5. If a multi reader multi case (MRMC) comparative effectiveness study was done, If so, what was the effect size of how much human readers improve with AI vs without AI assistance:
No MRMC study was done or described. This is not an AI-assisted diagnostic device that augments human readers but rather a platform for viewing and managing medical images.
6. If a standalone (i.e. algorithm only without human-in-the-loop performance) was done:
Not applicable. Nucleus.io is a PACS/viewer, not a standalone diagnostic algorithm.
7. The type of ground truth used:
The "ground truth" for this 510(k) submission, particularly regarding the claim for mammography diagnosis, is the functional equivalency to a legally marketed predicate device. This is demonstrated by showing that Nucleus.io possesses the same relevant features and capabilities as Visage PACS/CS, especially those related to mammography viewing and processing, and that it adheres to industry standards (e.g., DICOM, handling uncompressed/lossless images for primary diagnosis). The risk management and verification/validation processes serve to confirm that the implemented features meet specifications and do not introduce new safety or effectiveness concerns.
8. The sample size for the training set:
Not applicable. This is not an AI/ML device that requires a training set.
9. How the ground truth for the training set was established:
Not applicable. This is not an AI/ML device that requires a training set.
In summary, this 510(k) submission for Nucleus.io is primarily based on demonstrating substantial equivalence to a predicate PACS system (Visage PACS/CS) by comparing functional features, particularly those supporting mammography diagnosis. It is not an submission for an AI/ML-driven diagnostic device, and therefore the traditional metrics and study designs (e.g., test sets, ground truth establishment, MRMC studies) typically associated with AI performance evaluation are not present in this documentation. The acceptance criteria are qualitative, focusing on feature parity and adherence to general medical device safety and performance standards.

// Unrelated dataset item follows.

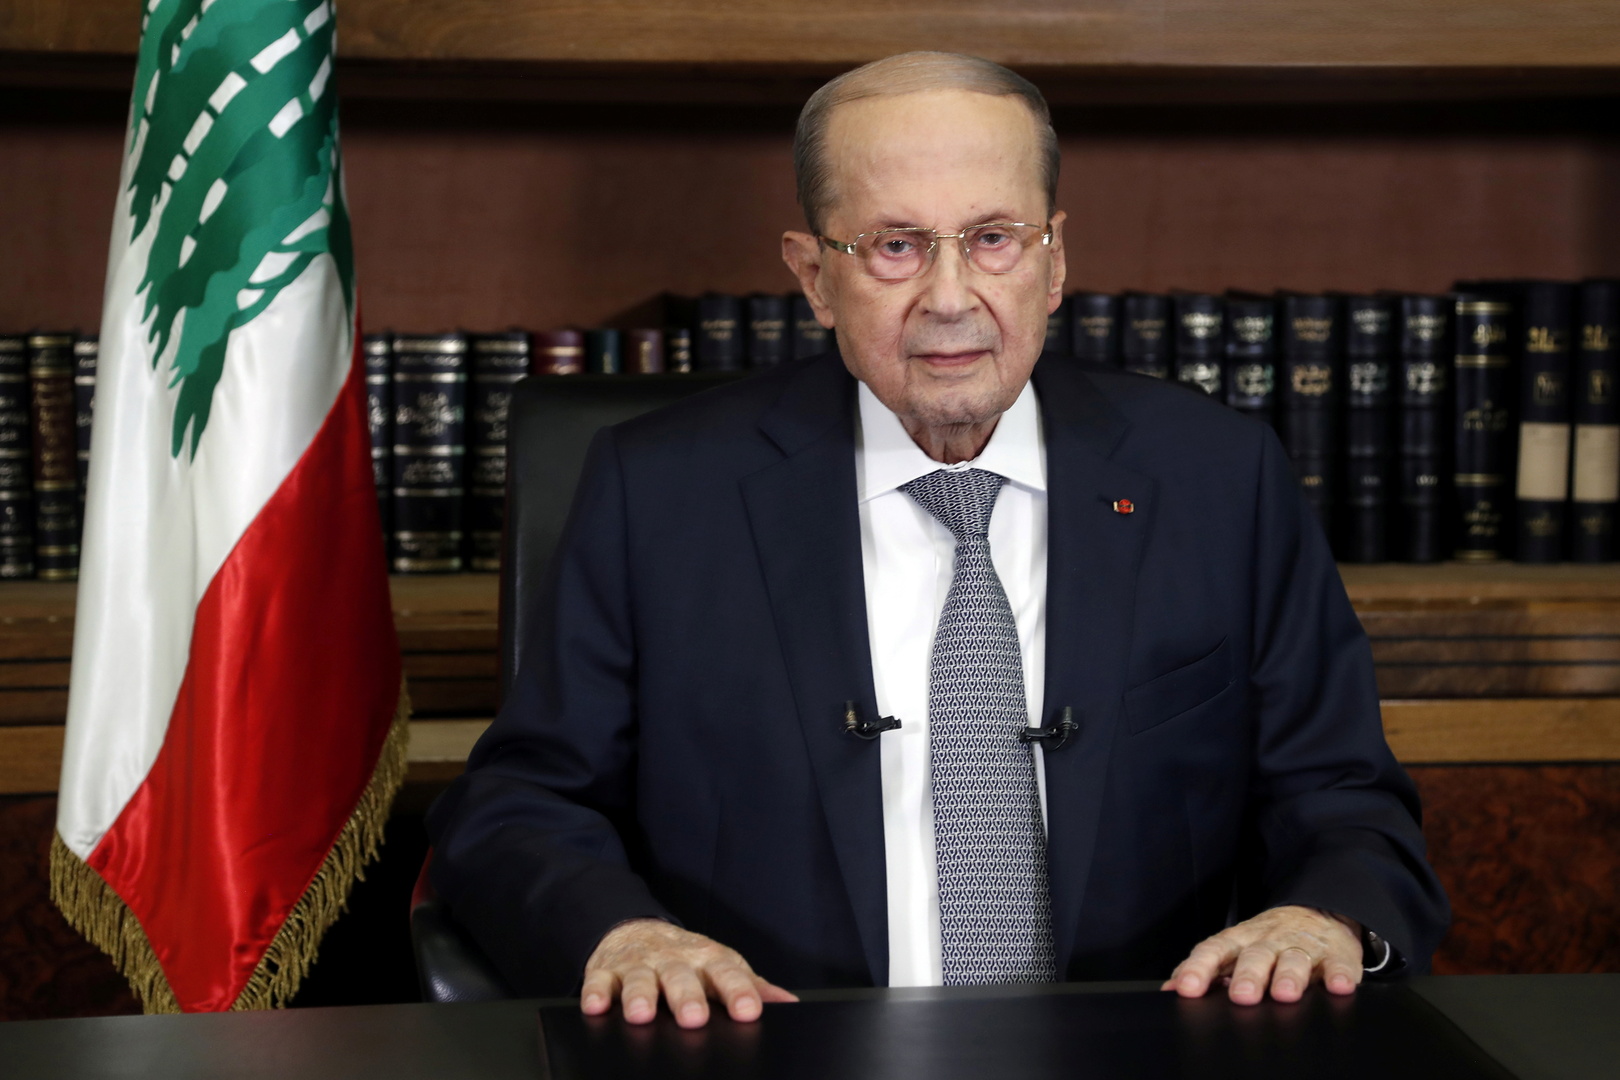 عون يدعو الحريري للتنحي عن تشكيل الحكومة اللبنانية بحال عدم قدرته على ذلك

§ 892.2050 Medical image management and processing system.
(a)
Identification. A medical image management and processing system is a device that provides one or more capabilities relating to the review and digital processing of medical images for the purposes of interpretation by a trained practitioner of disease detection, diagnosis, or patient management. The software components may provide advanced or complex image processing functions for image manipulation, enhancement, or quantification that are intended for use in the interpretation and analysis of medical images. Advanced image manipulation functions may include image segmentation, multimodality image registration, or 3D visualization. Complex quantitative functions may include semi-automated measurements or time-series measurements.(b)
Classification. Class II (special controls; voluntary standards—Digital Imaging and Communications in Medicine (DICOM) Std., Joint Photographic Experts Group (JPEG) Std., Society of Motion Picture and Television Engineers (SMPTE) Test Pattern).